====== SUPPLIED MATERIAL ======

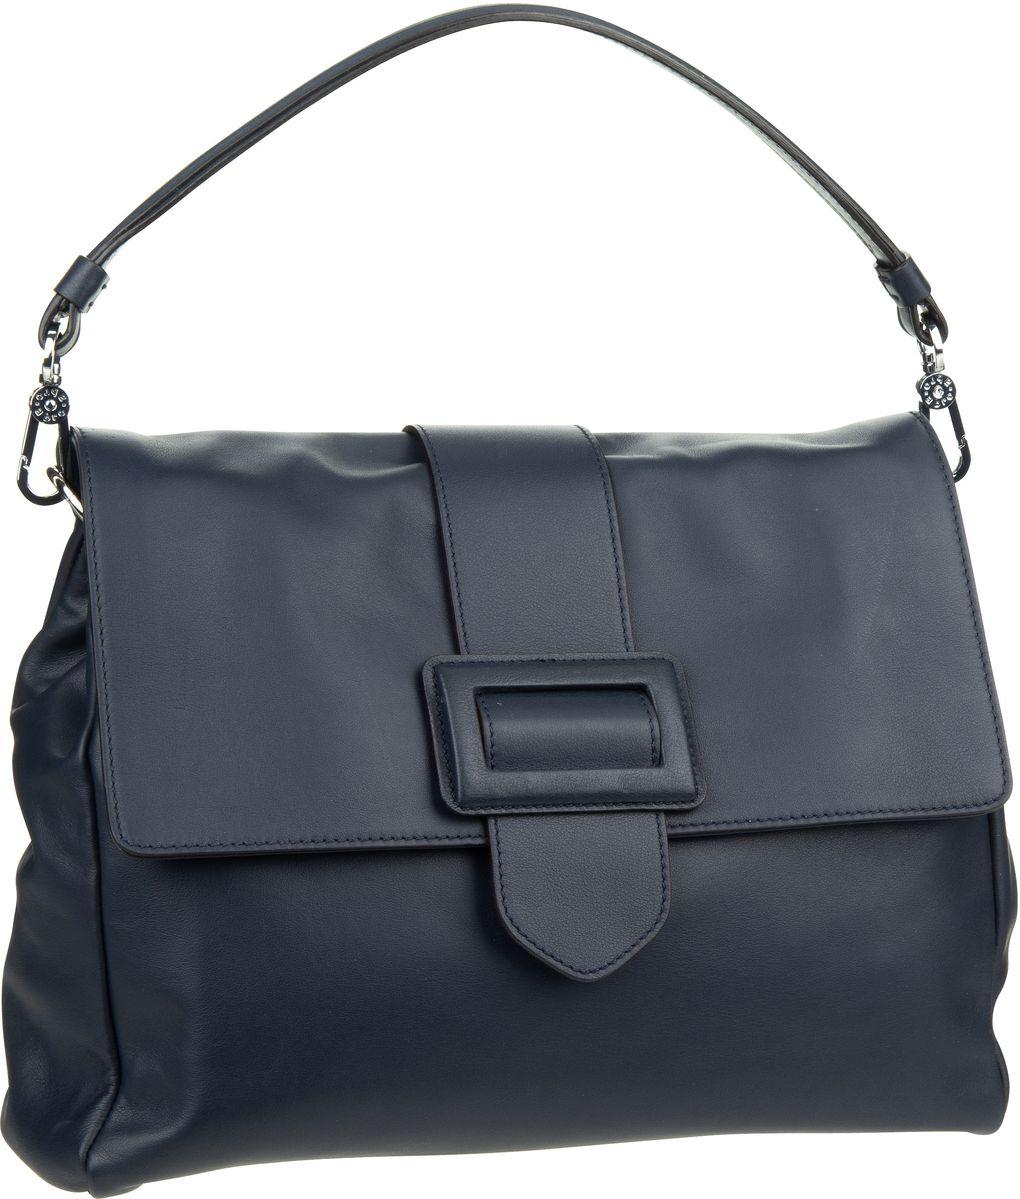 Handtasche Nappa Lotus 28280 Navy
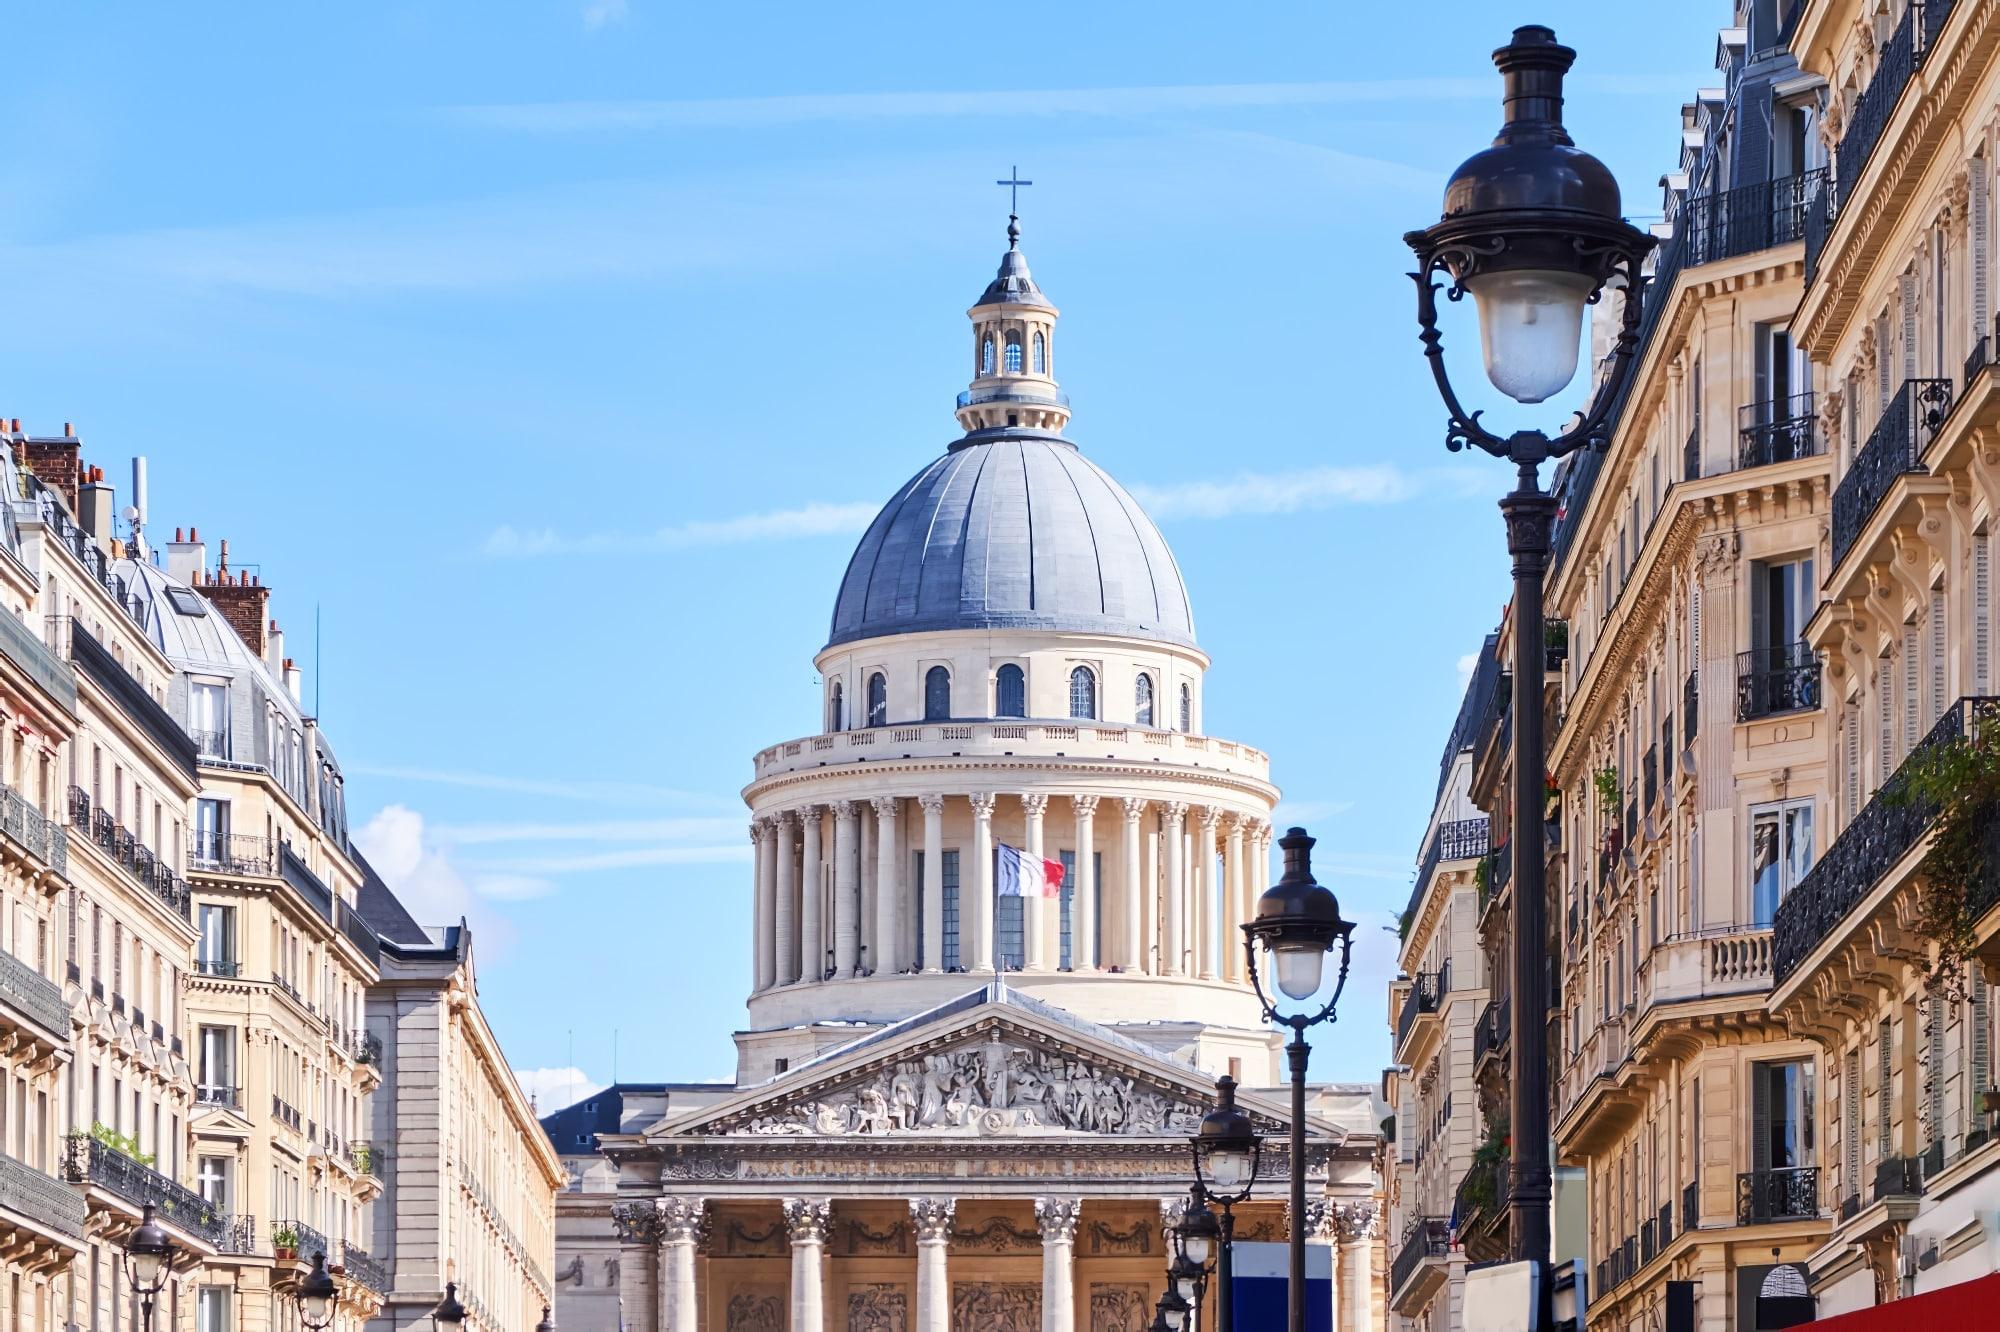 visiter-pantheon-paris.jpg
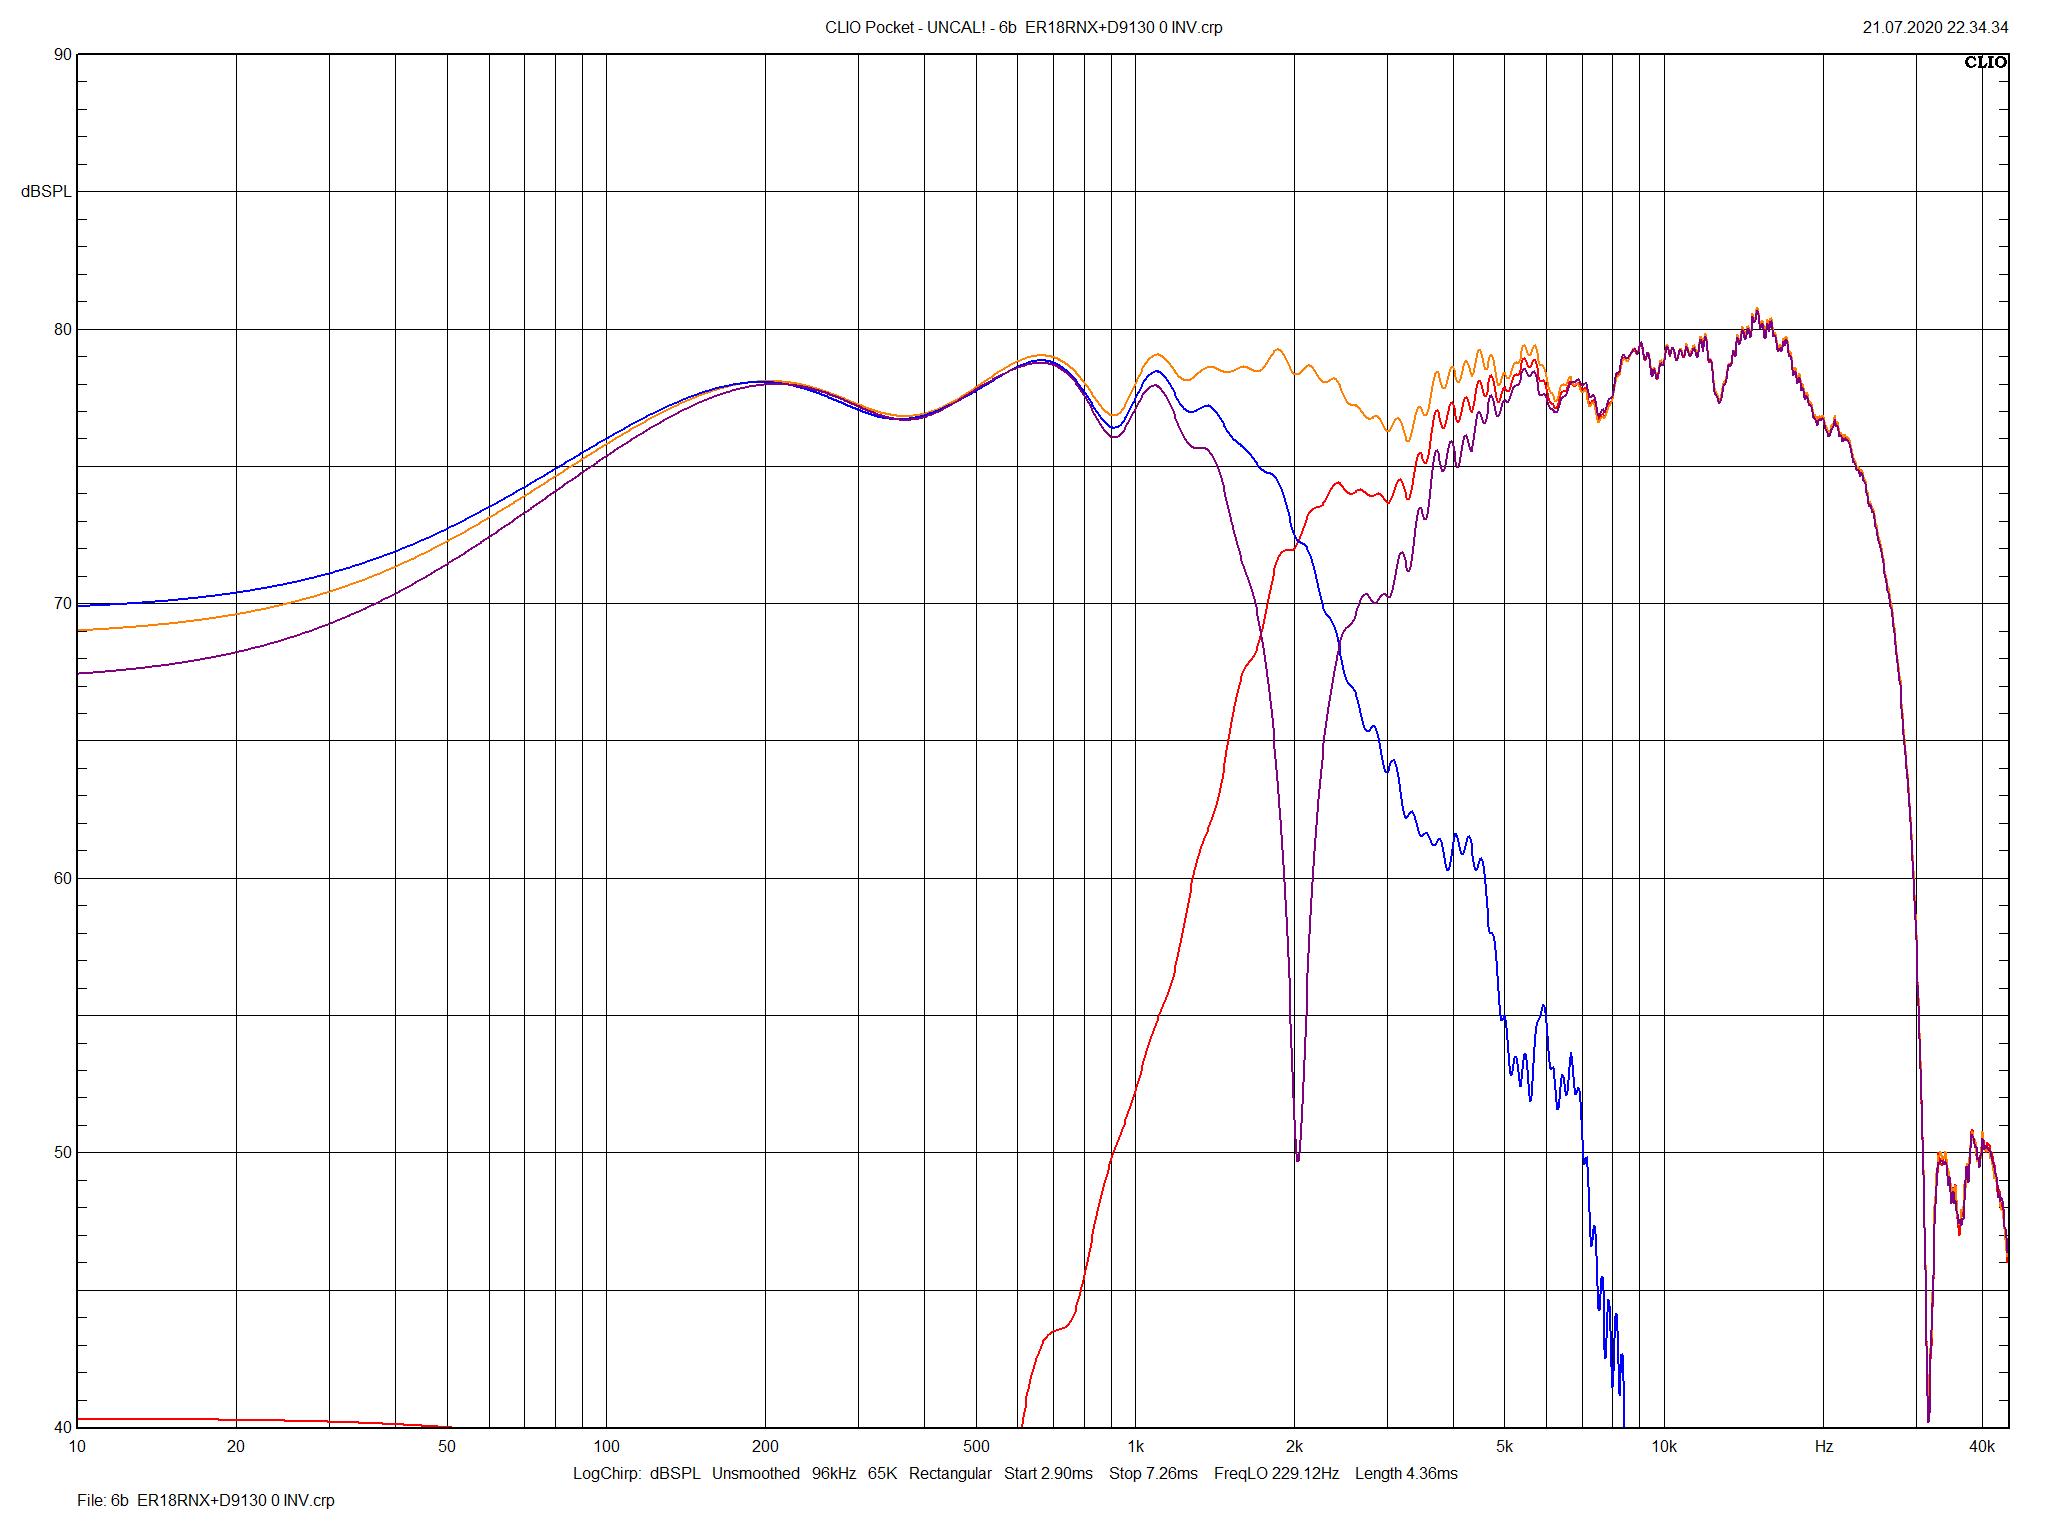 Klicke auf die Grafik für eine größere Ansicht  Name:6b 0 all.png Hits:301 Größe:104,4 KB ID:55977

======

- **TASK DESCRIPTION**
In the copy, include no pictures, but repeat the listing exactly.

- **WORKED SOLUTION**
 Handtasche Nappa Lotus 28280 Navy
 visiter-pantheon-paris.jpg
 Klicke auf die Grafik für eine größere Ansicht  Name:6b 0 all.png Hits:301 Größe:104,4 KB ID:55977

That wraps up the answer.